┌─ Supplied material
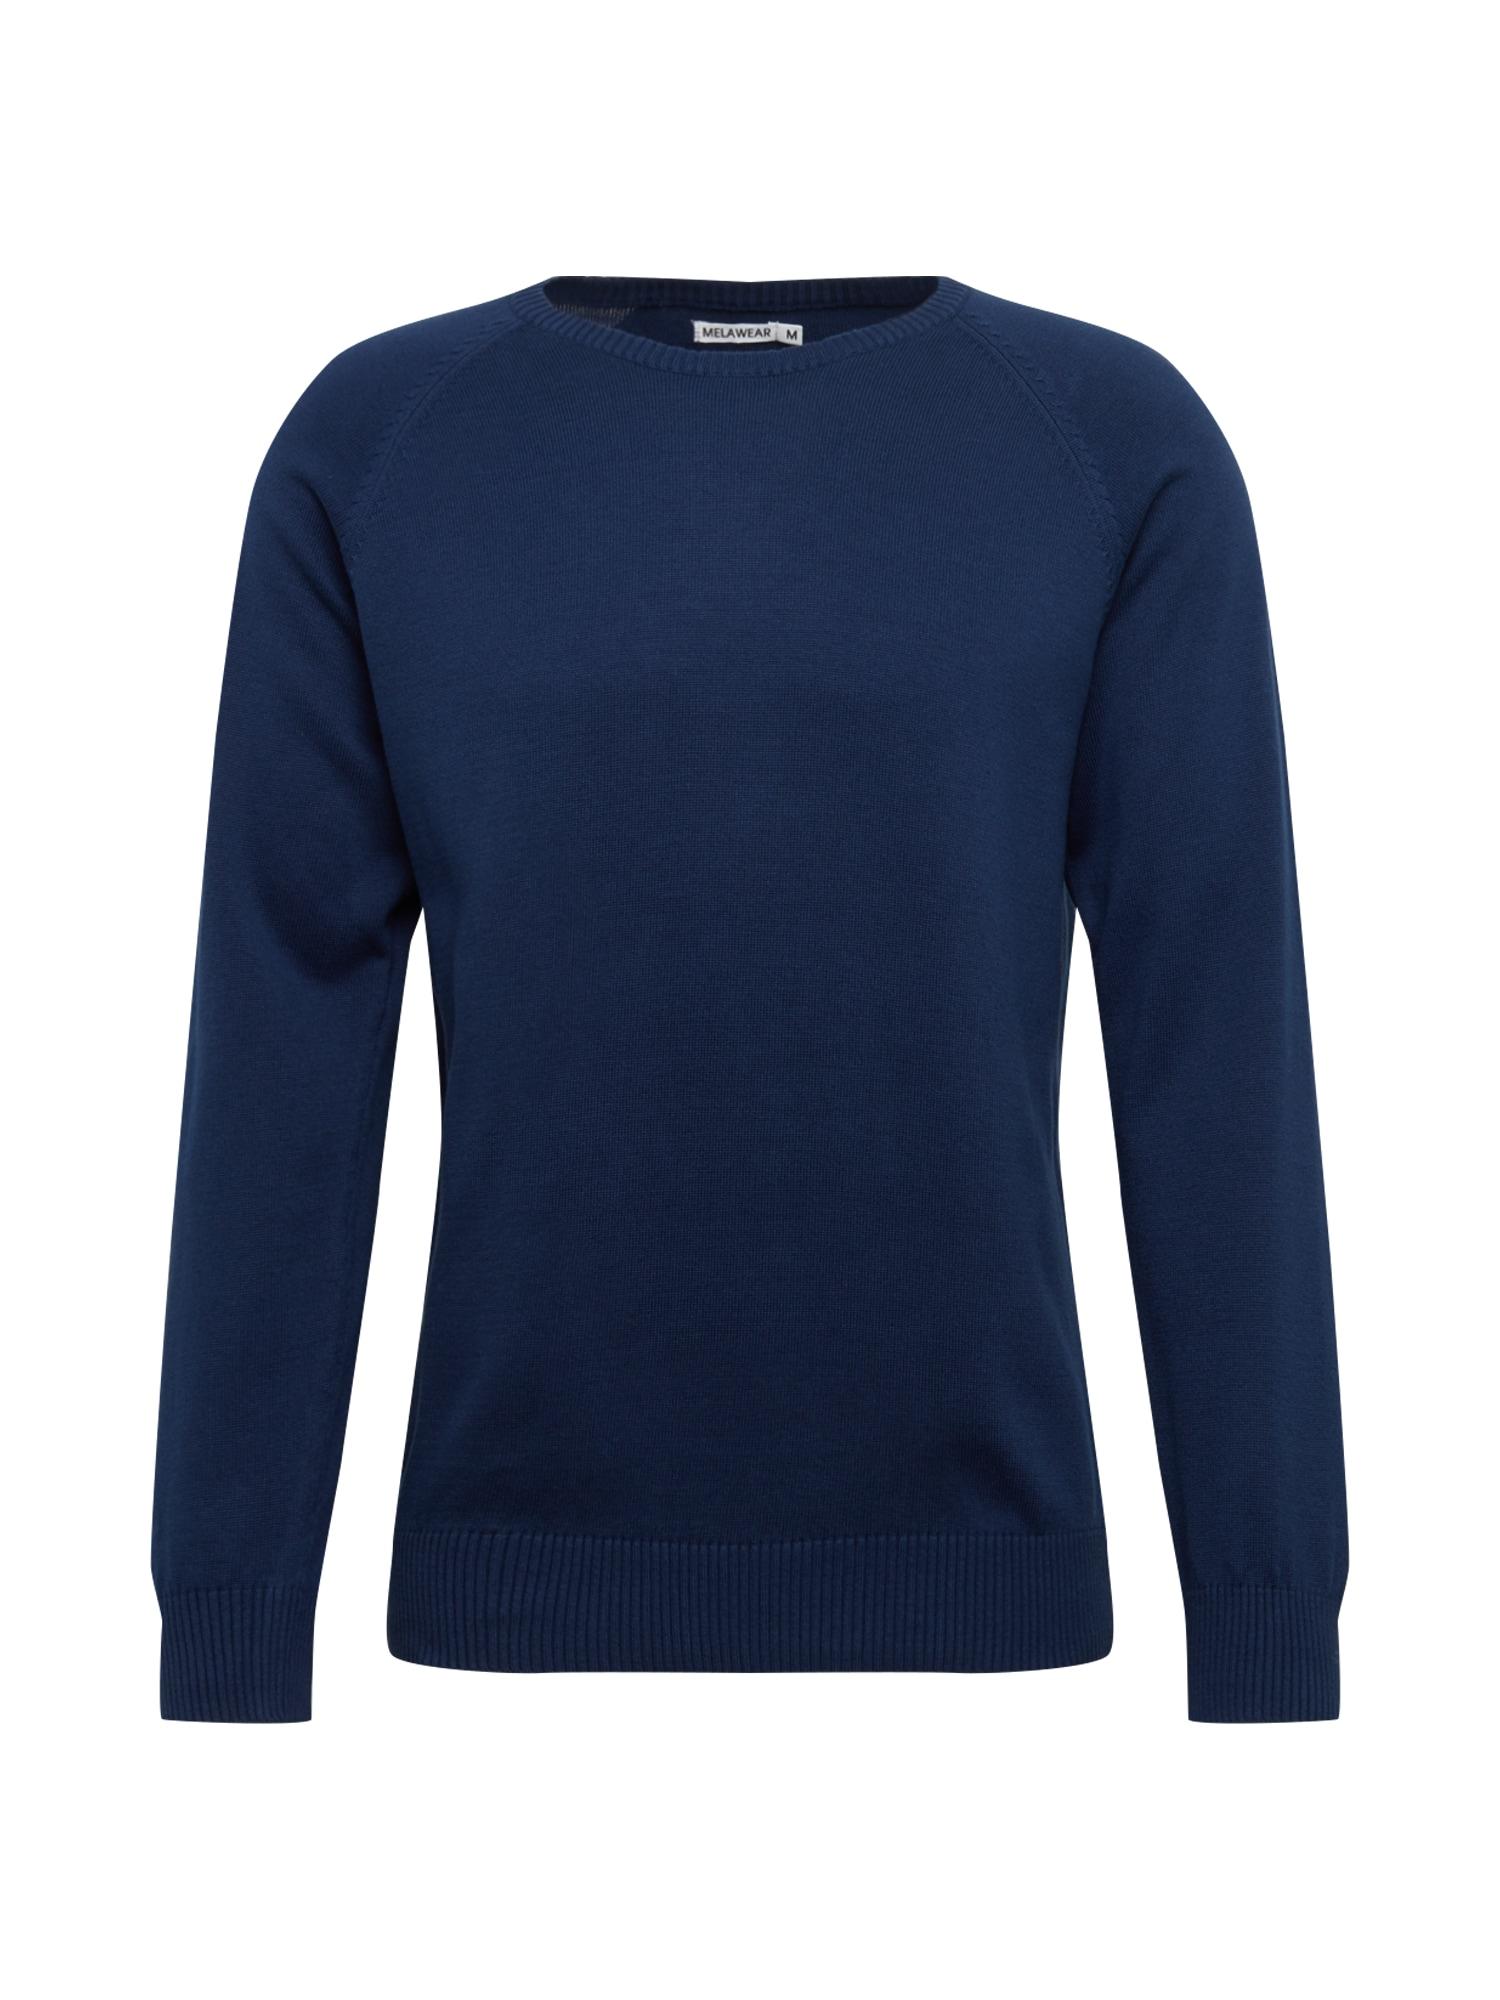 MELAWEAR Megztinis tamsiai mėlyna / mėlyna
└─
┌─ Supplied material
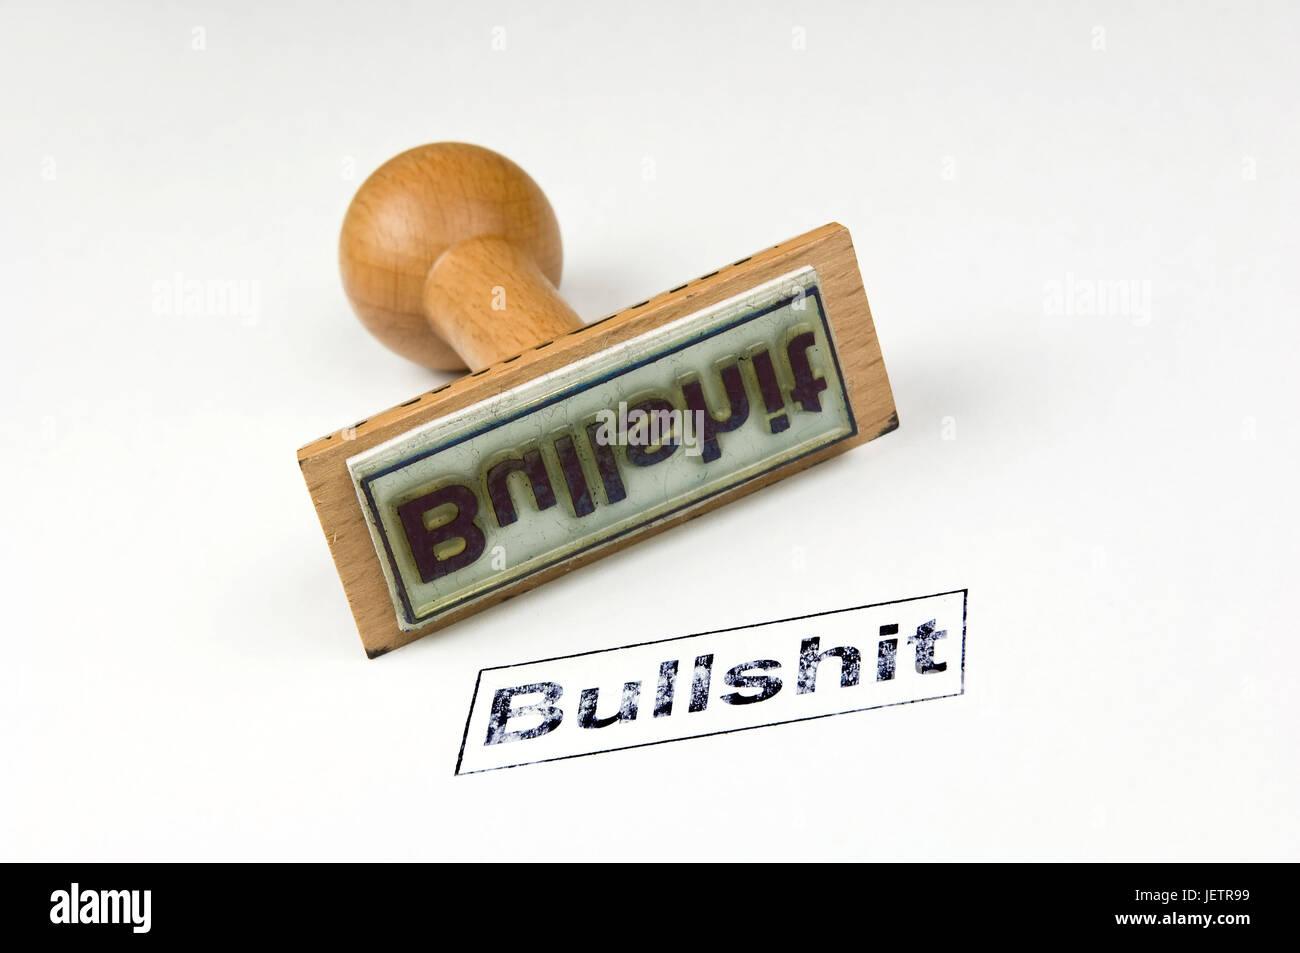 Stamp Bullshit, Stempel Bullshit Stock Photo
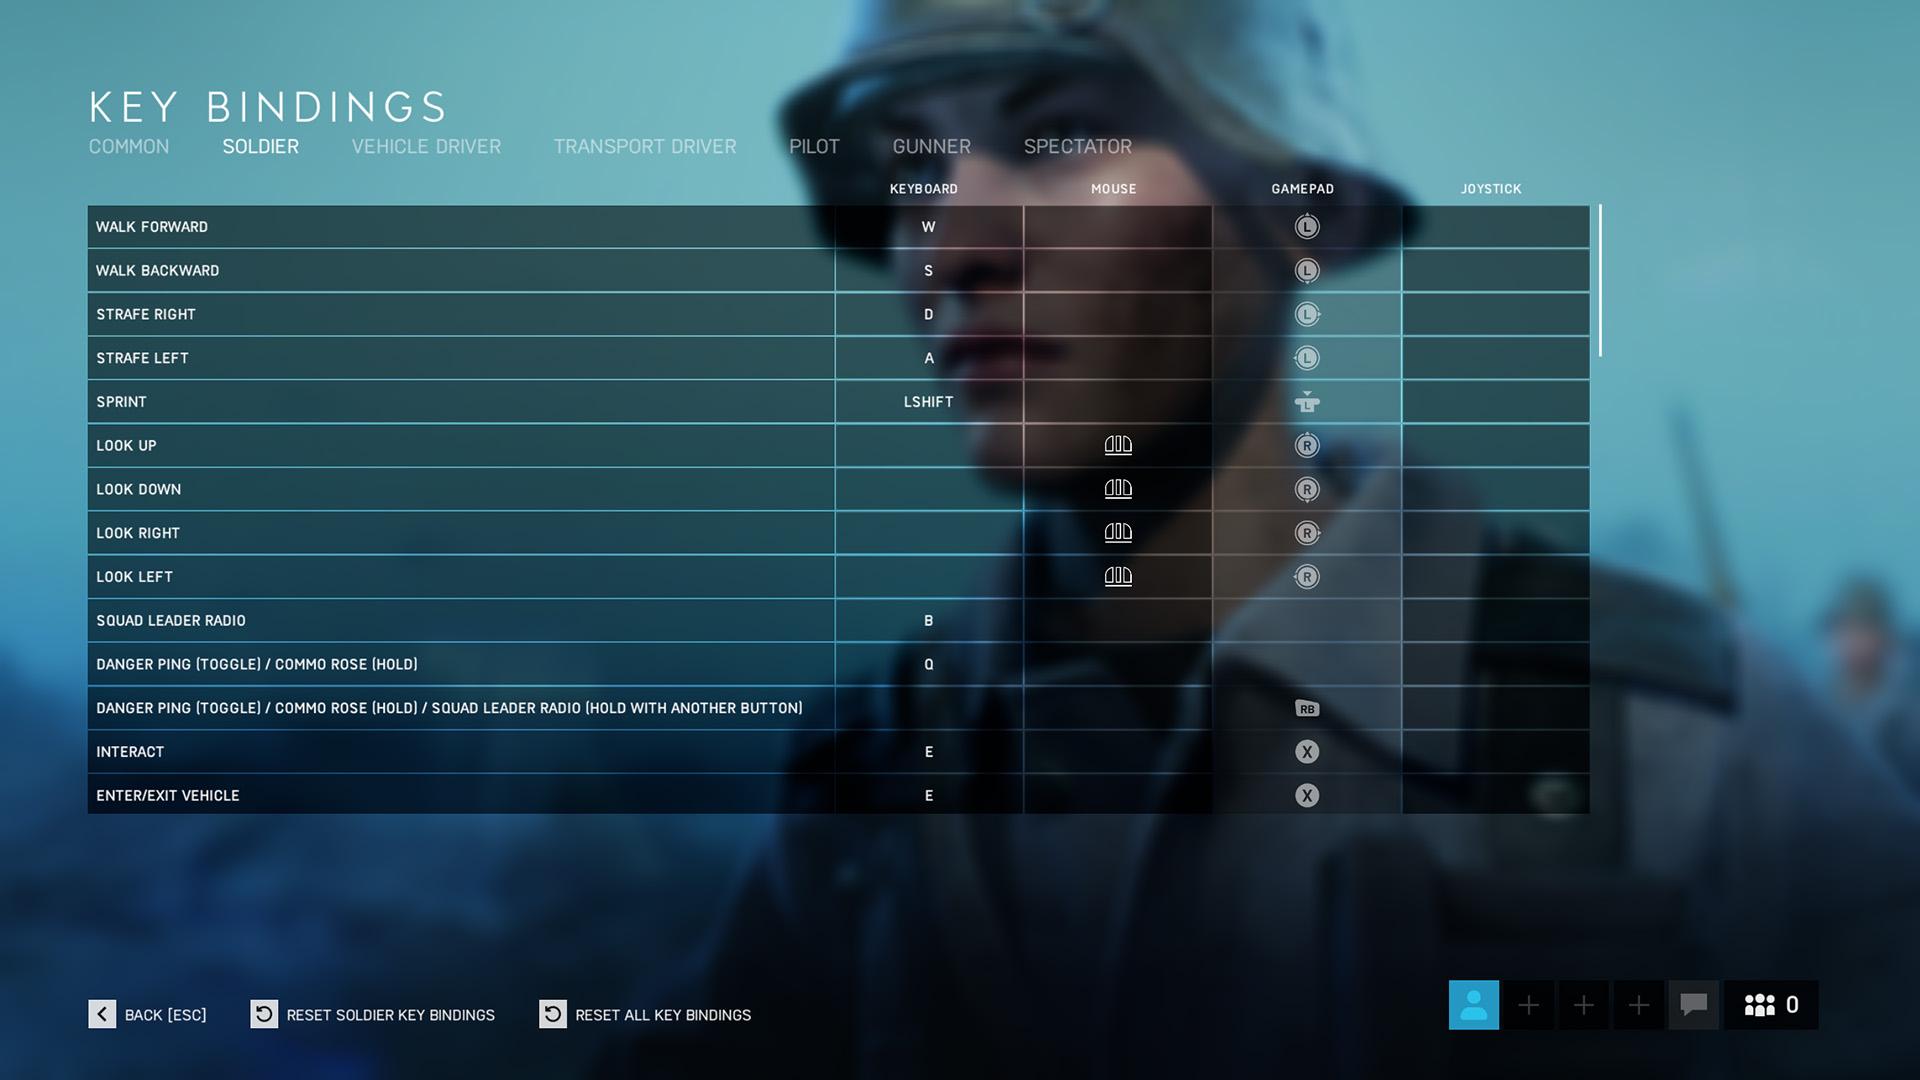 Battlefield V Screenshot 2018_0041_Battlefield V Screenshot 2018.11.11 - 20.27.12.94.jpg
└─
┌─ Supplied material
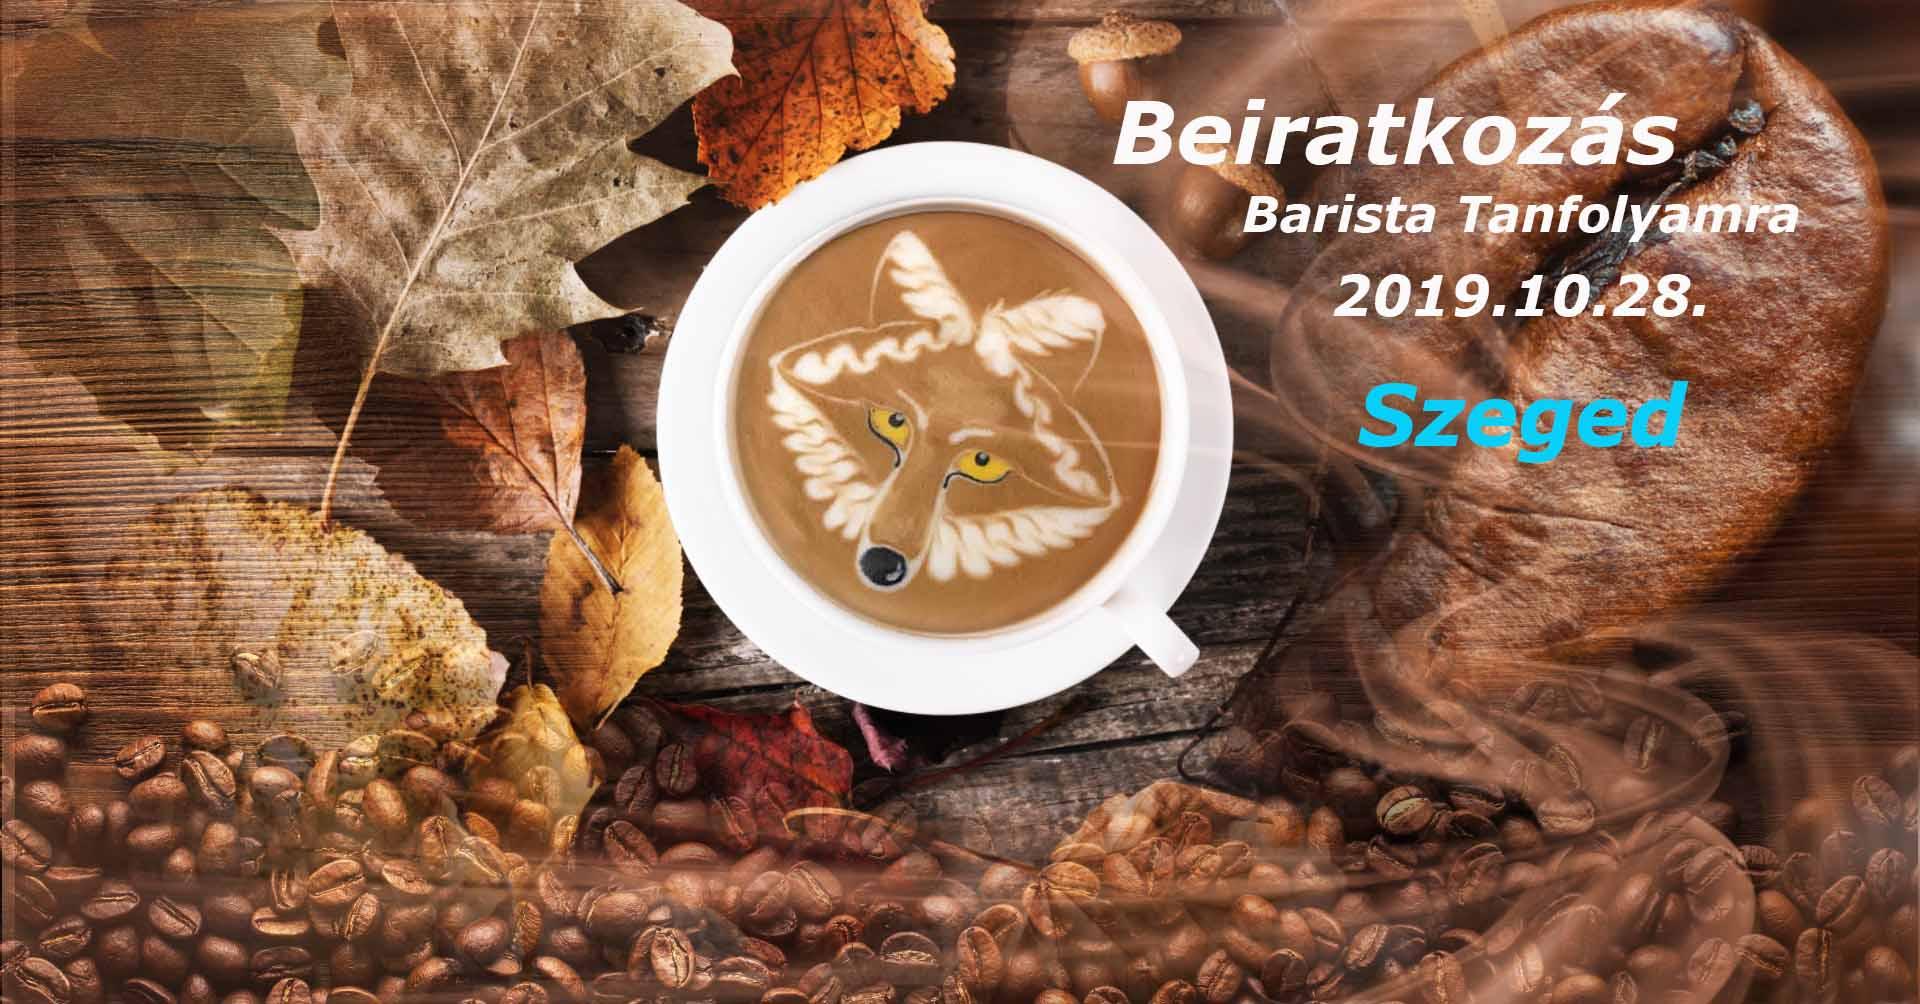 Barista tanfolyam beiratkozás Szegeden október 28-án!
└─
Directions for this task - Would you output the lines above from the line holding "Stamp Bullshit, Stempel Bullshit Stock Photo" up to and including the line holding "Battlefield V Screenshot 2018_0041_Battlefield", exactly and only those, with no pictures?

Solved problem -
 Stamp Bullshit, Stempel Bullshit Stock Photo
 Battlefield V Screenshot 2018_0041_Battlefield V Screenshot 2018.11.11 - 20.27.12.94.jpg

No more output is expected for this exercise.